Monday, September 1, 2014

Computational Image Analysis is a Centerpiece of Cell Biology

For most biologists, especially cell biologists, it doesn't take long before one realizes how important visual processing is for interpreting scientific data. Likely in the first few weeks of an undergraduate molecular biology lab, young scientists learn the importance of being able to differentiate a "good" gel from a "bad" one by the look of the bands. At a slightly more expert level, we are trained to discriminate the "look" of healthy cells from problematic cells under a microscope. The most seasoned scientists develop the uncanny skill of scanning hundreds of fluorescently stained cells and mentally processing a) if the experiment ran correctly, and b) find a "representative" field of view that can be used in a publication. Typically, this skill will be explained as intuition, and most scientists can also quickly tick off a list of instances when such a process has led to novel discoveries and countless publications.

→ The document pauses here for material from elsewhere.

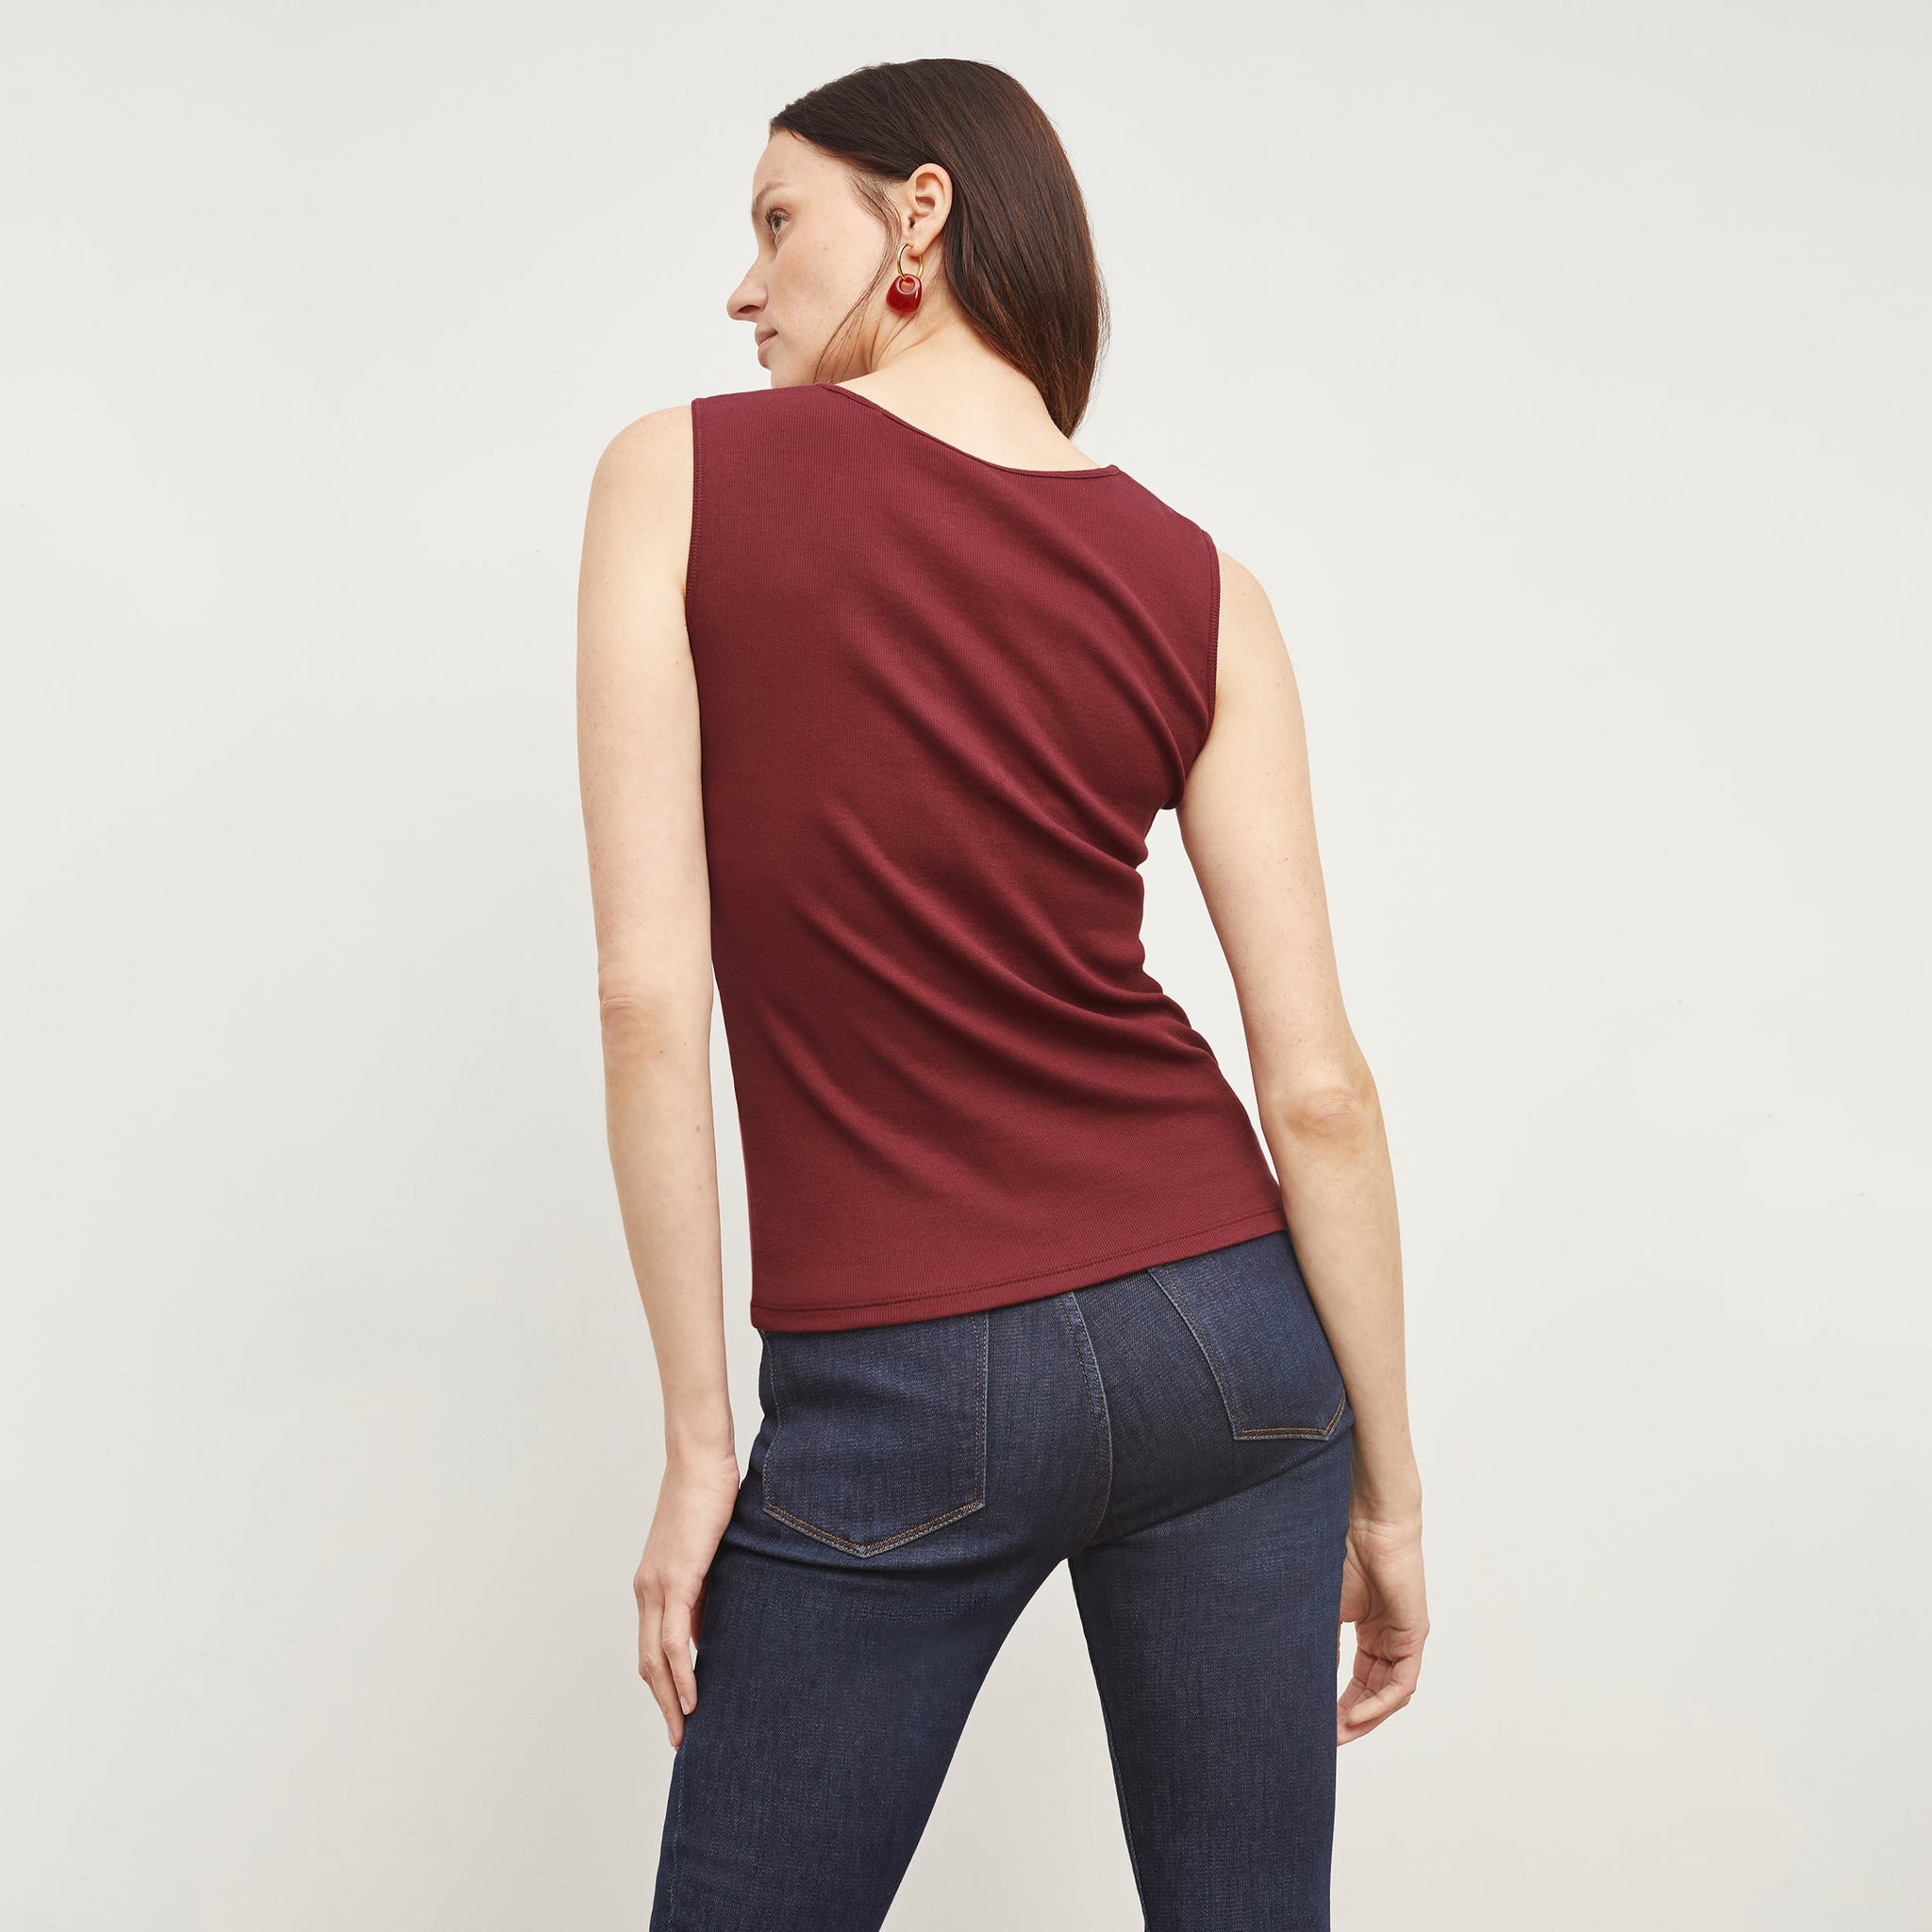 Back image of a woman wearing the Paige Top in Cranberry

The success of visual intuition is one of the most amazing aspects of the human brain. In fact, the performance of human/animal brains in these tasks is far superior to modern computers, famously illustrated by the Google "cat recognition problem". A recent publication from IBM Research in Science replicated neural architecture in a computer chip, and not surprisingly the test case of its performance was to test image recognition. Given this trajectory of computational and engineering efforts, it won't be long until the algorithms of visual intuition are more rigorously quantified (and more broadly exploited).

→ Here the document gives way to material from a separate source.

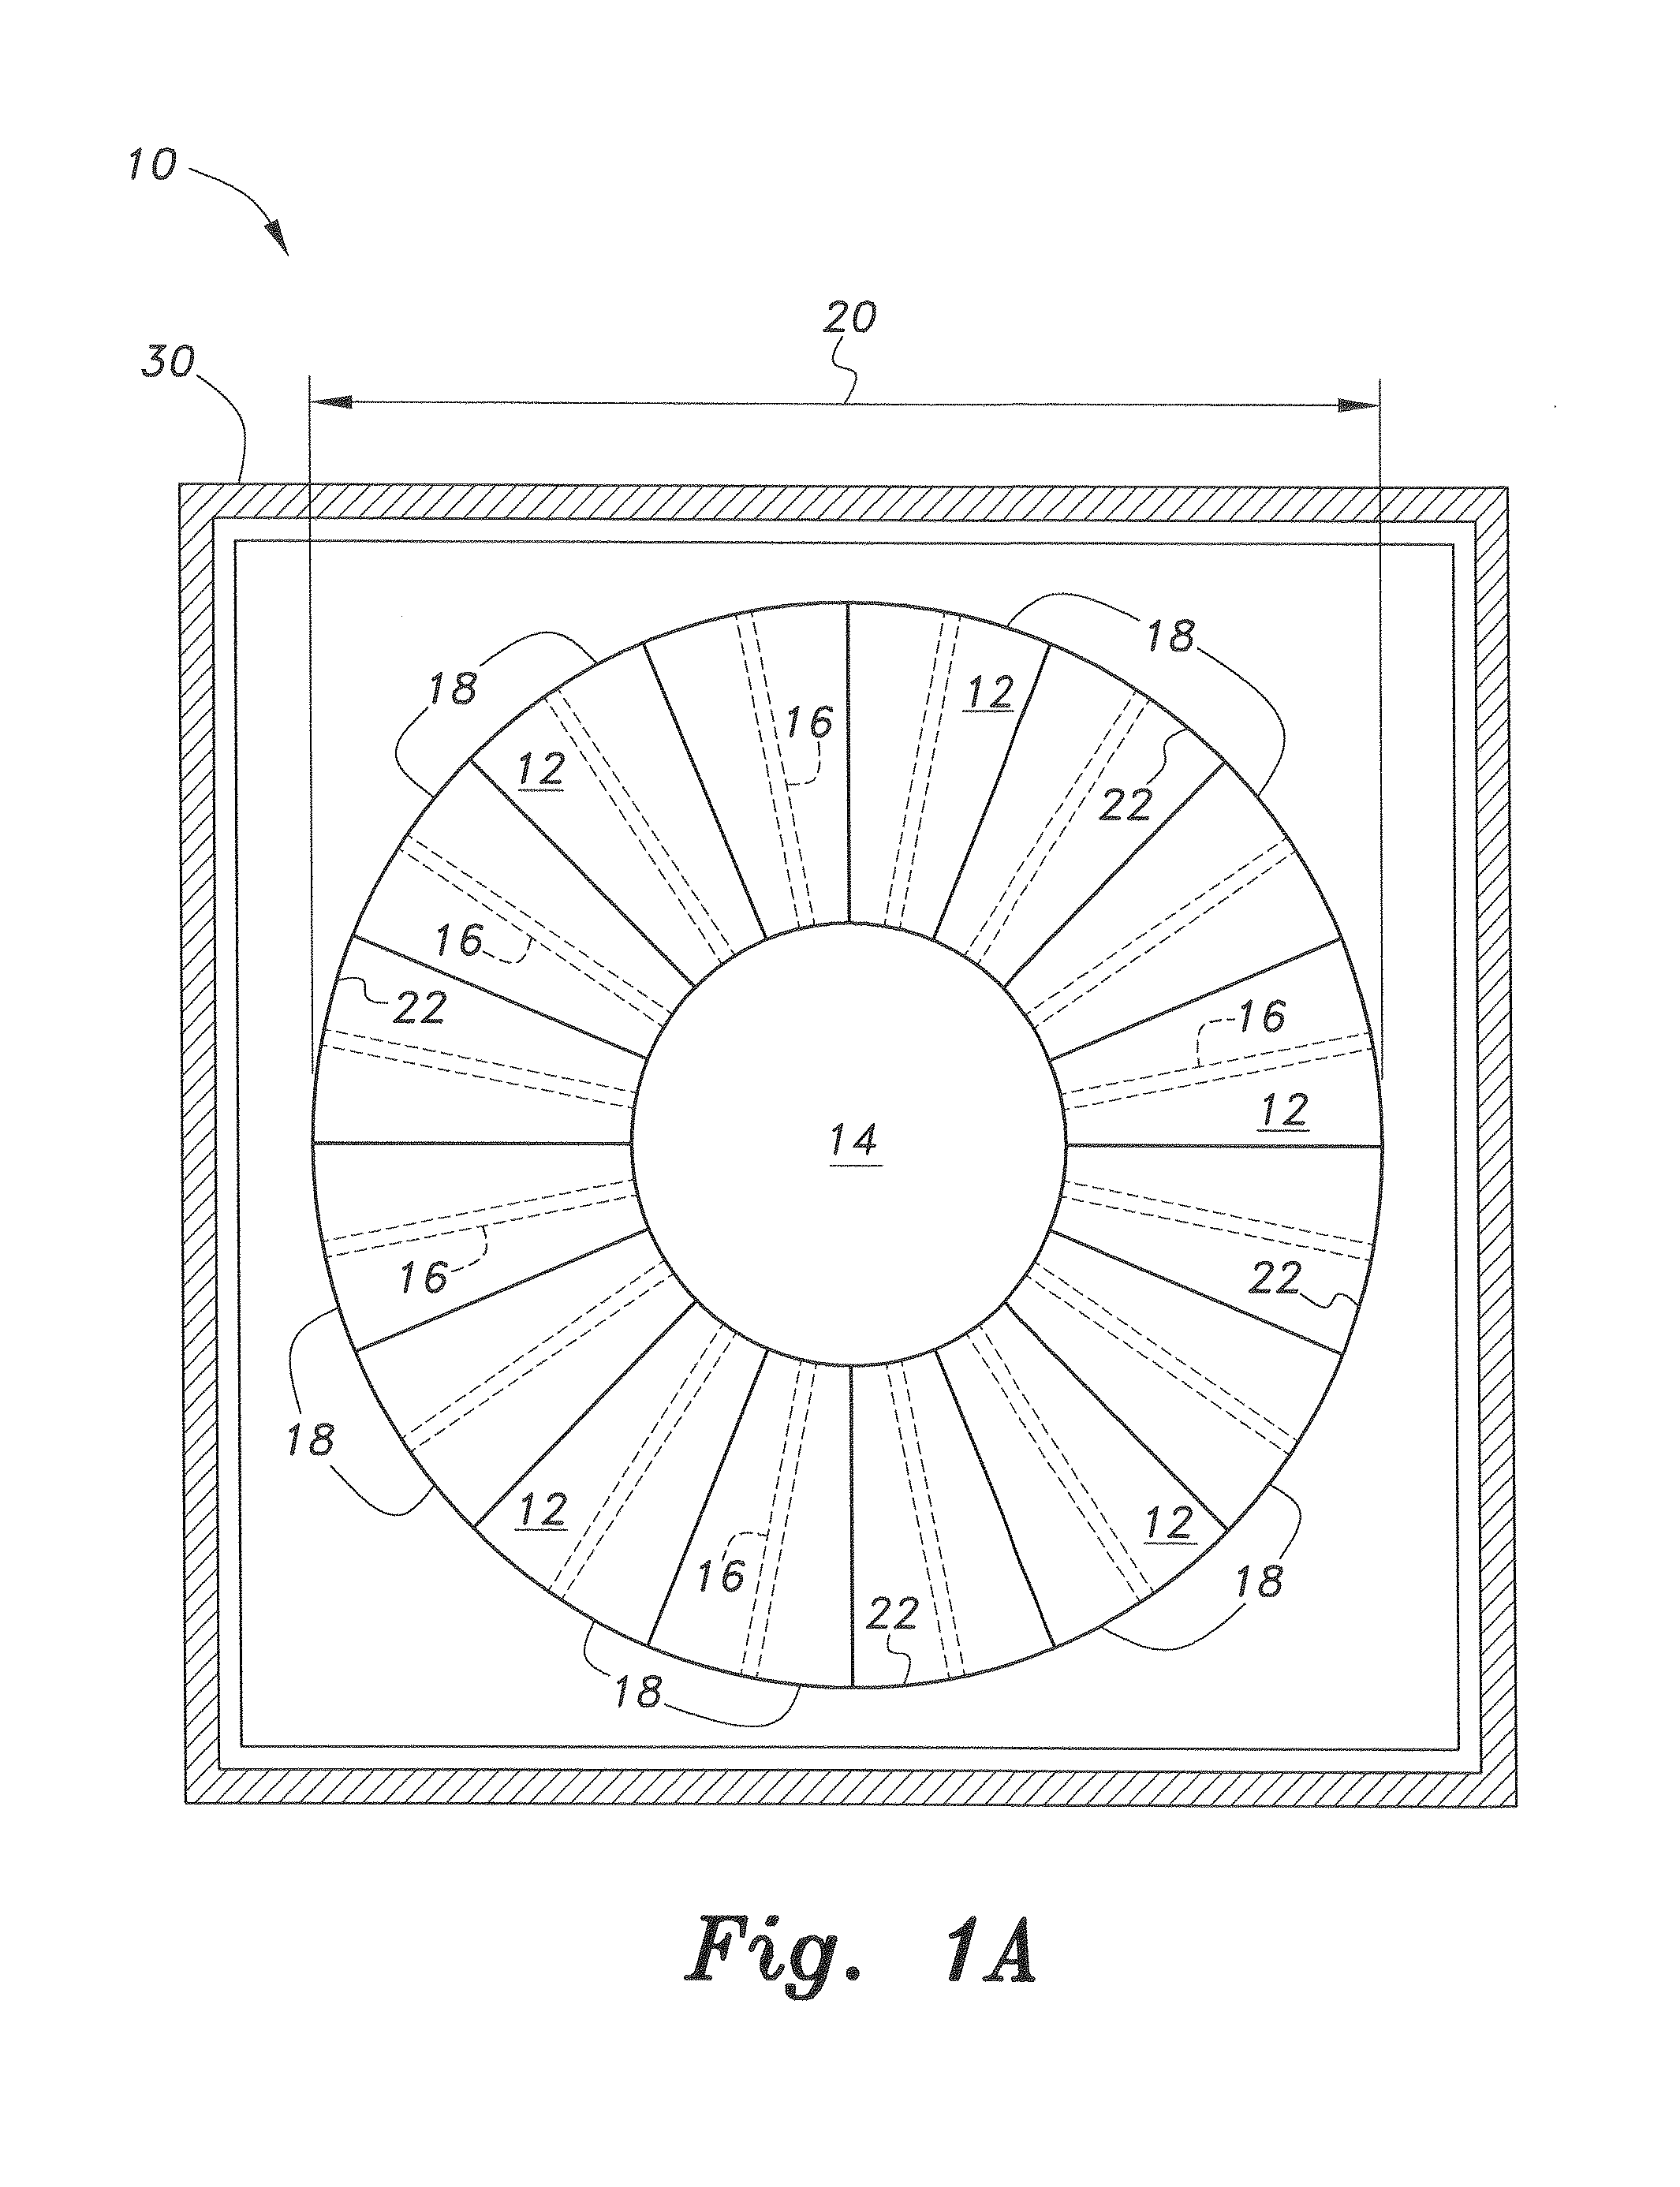 Ventilation fan with automatic blade closure mechanism

In the cell biology field, an excellent tool to help scientists grasp computational image analysis is the CellProfiler free-ware developed by MIT/Broad Institute. This program offers fairly powerful analysis tools (which most companies were charging thousands of dollars), and also is structured in a way to maximize learning potential of novice to intermediate users. Most importantly, widespread access is removing the mystery of image analysis to a whole generation of scientists.

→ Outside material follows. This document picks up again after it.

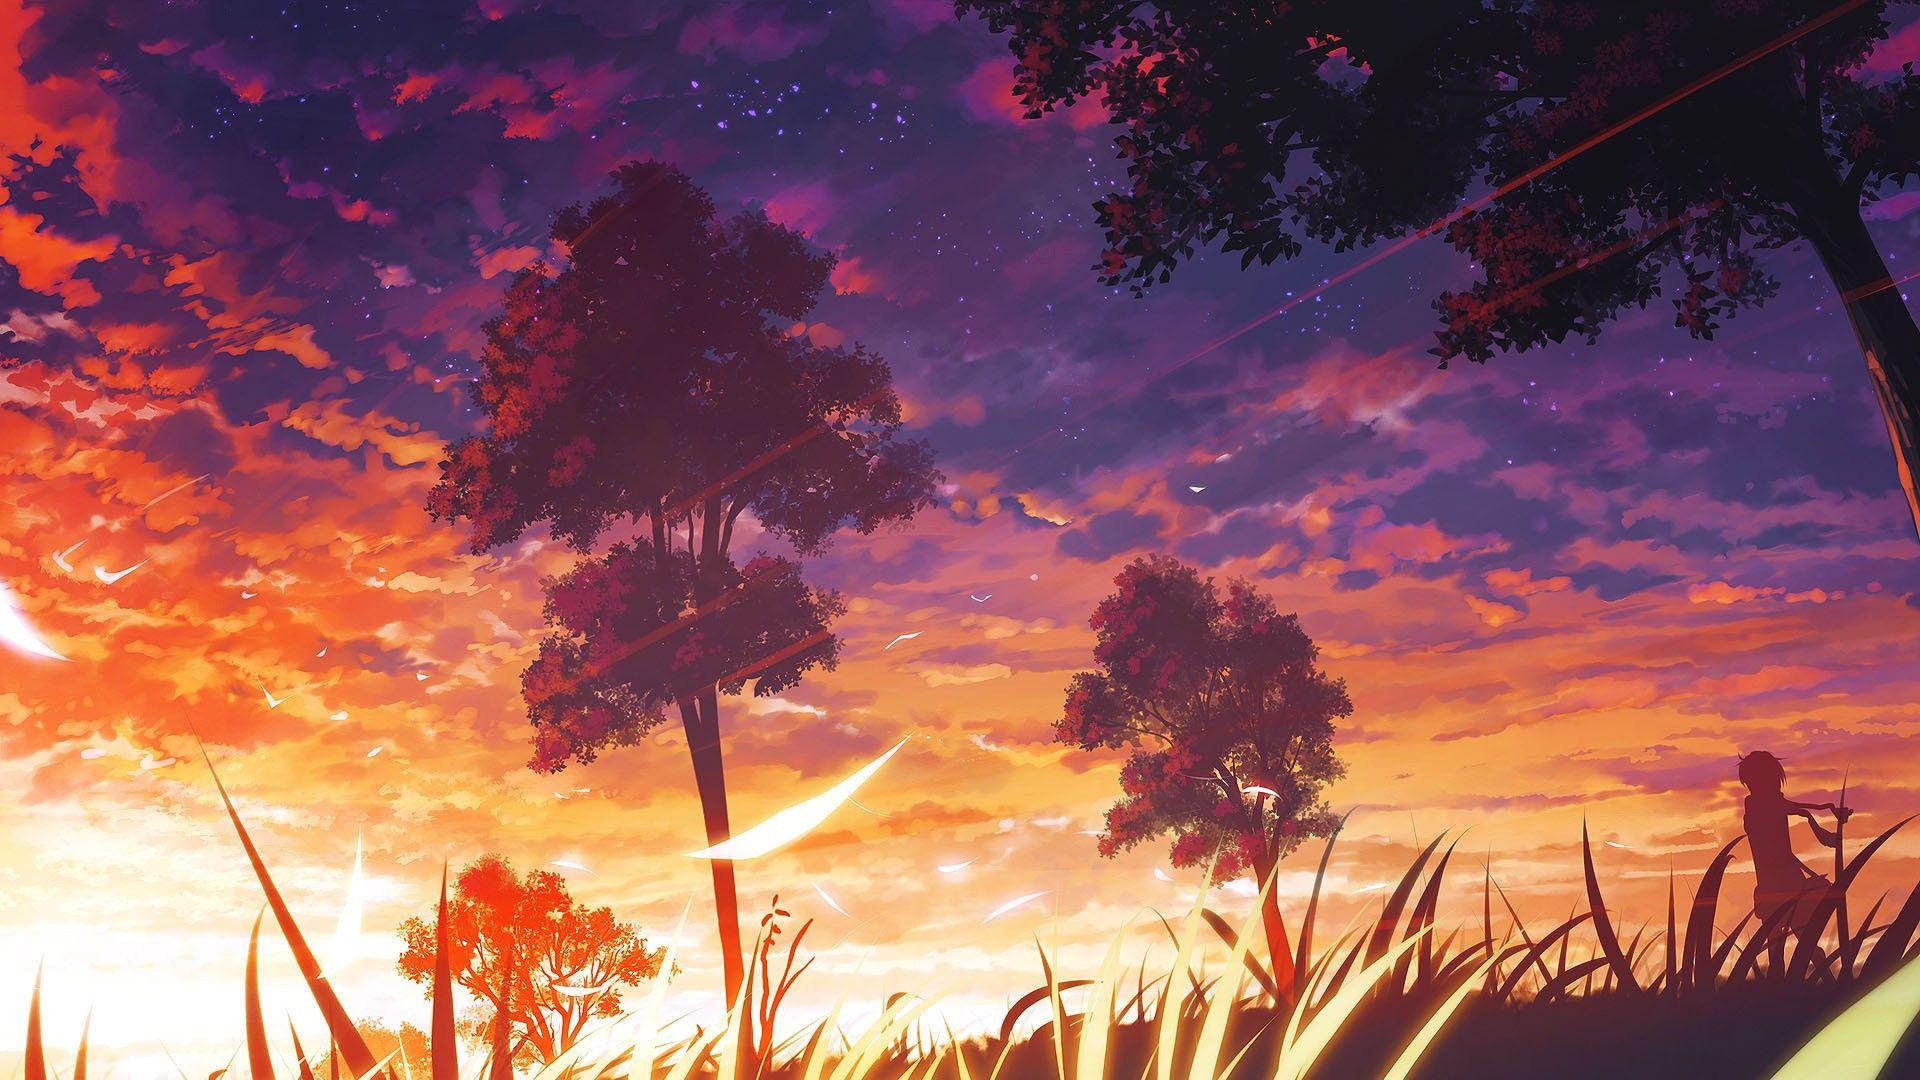 Download A cute anime profile picture with a gorgeous sunset backdrop!

One of the first reactions when a biologist applies computational image analysis on a data set is disbelief. Even after the kinks of the routine are ironed out, and the analysis is performed on a "known" data set (for example one that was previously published), the results often won't look right to the user. A typical case being where an experimental condition promotes the expression of a target protein. In data from populations averages (e.g. Western blots), it should be obvious that there is 5X enhancement of expression after treatment. Subsequently looking at microscope images, one can clearly see the difference between control and experiment groups-- often highlighted in a prototypical case in the figure of a publication. However, upon doing the image analysis on hundreds of cells, a common result is that there is tremendous heterogeneity in the sample. An average 5X enhancement may result from 20X from a small subset, and no change in a surprisingly large percentage of cells. The opposite cause is also often true-- a large phenotypic change is caused by a small shift of response across the entire population of cells. These types of results, while not contradictory to the previous experimental data, often make scientists uneasy.

As computational methods become more commonplace in understanding and engineering biological systems, it is important to embrace the messiness of single cell data. While it may initially feel counterproductive to more traditional intuitive methods (compound A causes translocation of TF Y is "cleaner" than A increases the likelihood of translocation in X% of cells by P to Q fold), the reality is that our intuition is operating by the same logic as (well crafted) computational methods. The power of combining human and machine analysis to cell data should be to improve efficiency in discovery. Such an approach has (slowly) started to take root in histopathology, and will surely find many more applications in the life sciences.